Oh yeah, it's saying Slack and Squarespace also. Yeah, cool. I don't think I have any more questions. Is there anything else that you wanted to say?
So, one thing I would like to add now that I didn't say in March, when I did React Conf about Storybook is that at that moment the project was a bit dead because it was created by Kadira, a company. This company shut down and then there was no more activity on the Github repository. So fixes were not getting done, and pull requests were not merged anymore. At some point, people were asking if it was possible to take over the project. So, it was opened to the world community and a lot of people are really involved to make this project live. And so there just really is the salvation of Storybook and what's really great is that you've got some initiative to extend Storybook to Vue and possibly other frameworks. So, it's really cool. I think it's a project will keep living in the future.
I'm part of the team, but because I don't have that much time, I'm just doing small fixes or talking about it at conferences, but I'm not writing a lot of code for Storybook right now.
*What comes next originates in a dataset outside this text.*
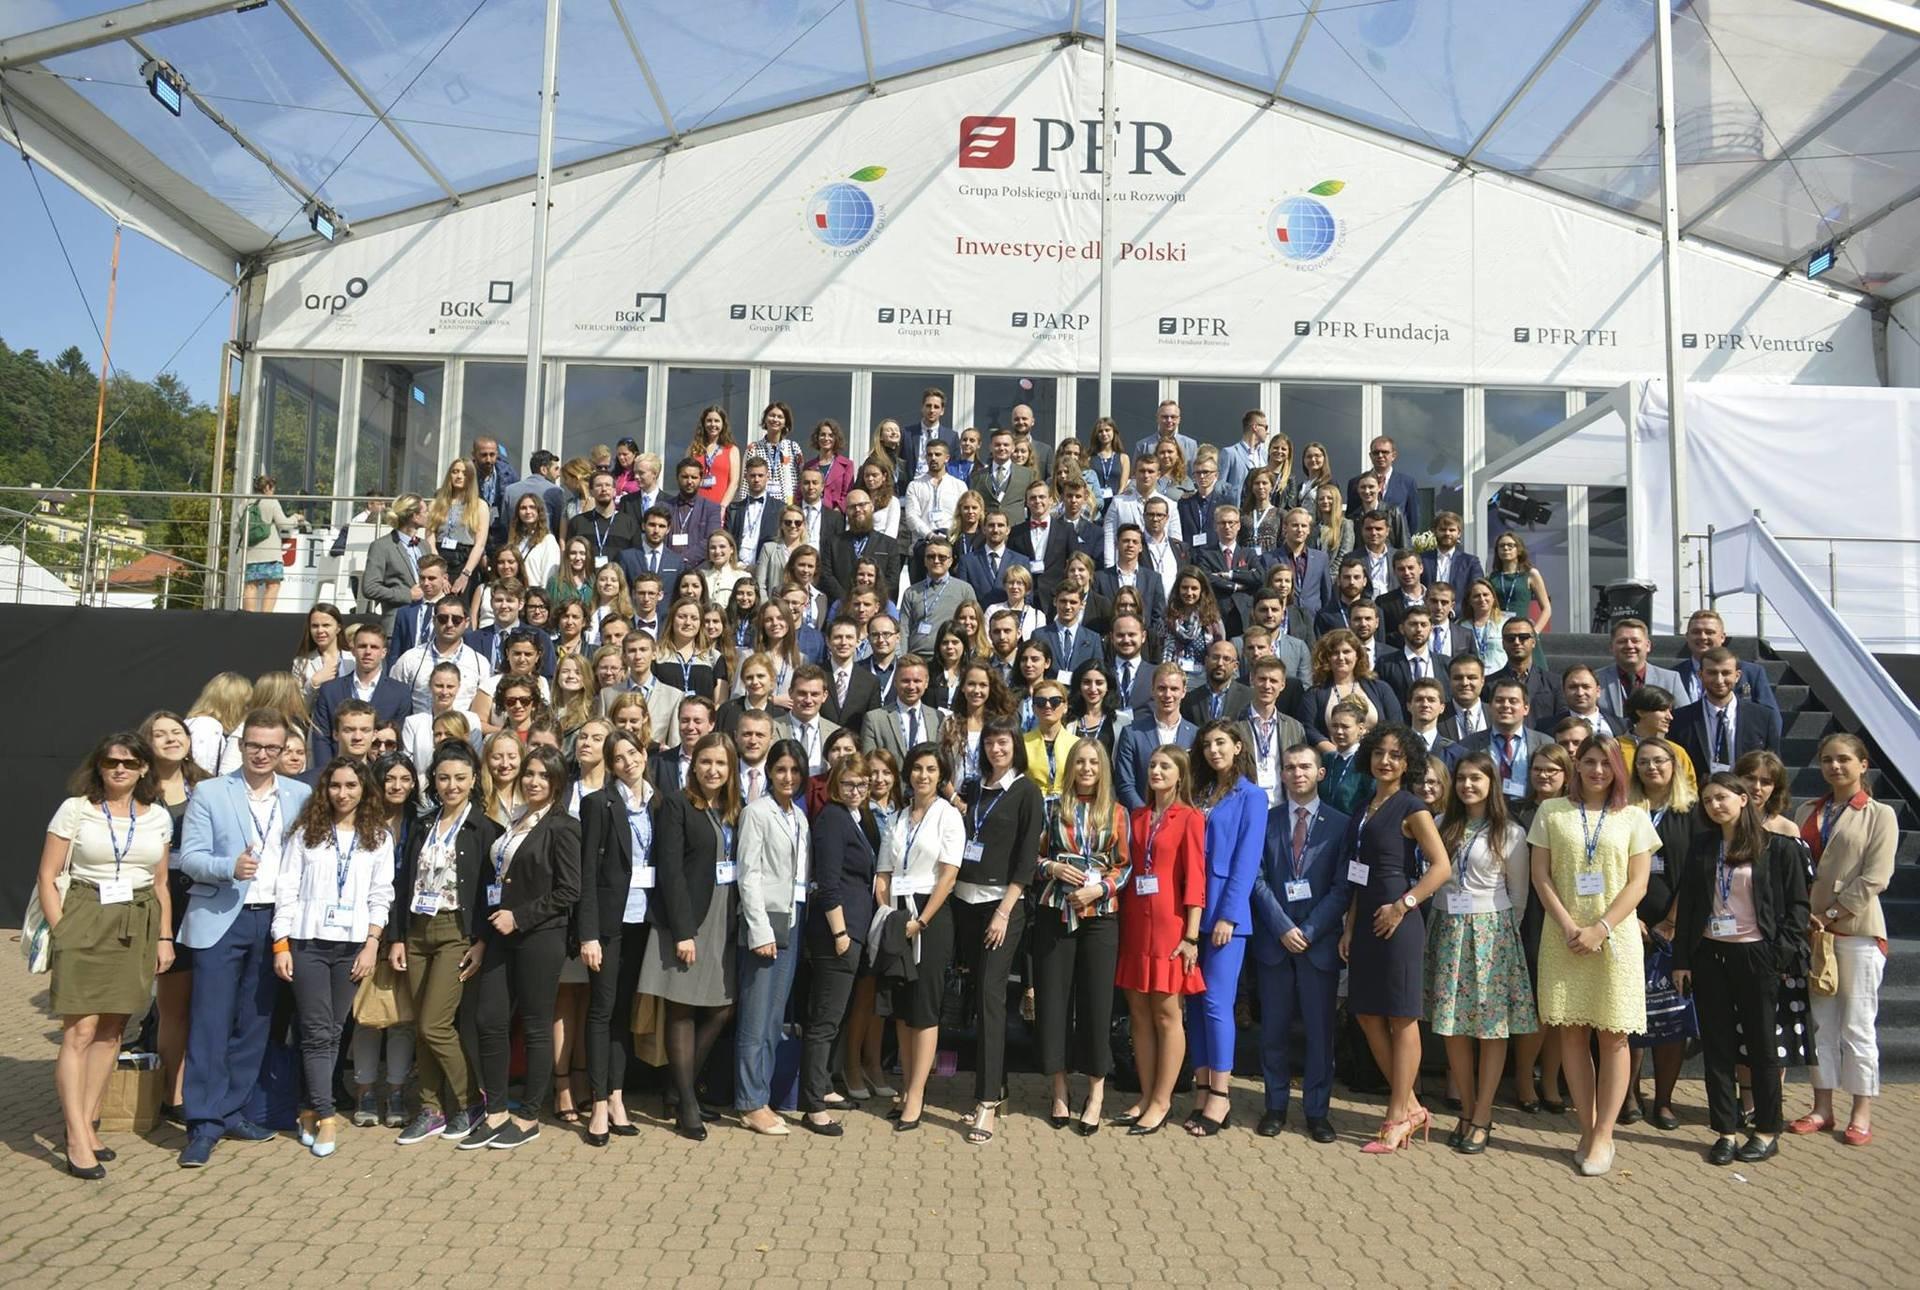 Podsumowanie XIII Forum Ekonomicznego Młodych Liderów

Ok, cool. Well, thanks for letting me know about React Storybook. I had never heard of it before, until you talked about it.
Yeah, I'm really thinking about using at our work because we do something similar, but it's just our own code and it's not nearly as full-featured as Storybook is.
Yeah, I think it would be great, especially for pull requests, and being about to build a component in an isolated environment. Alright, well thank you so much for coming on the show.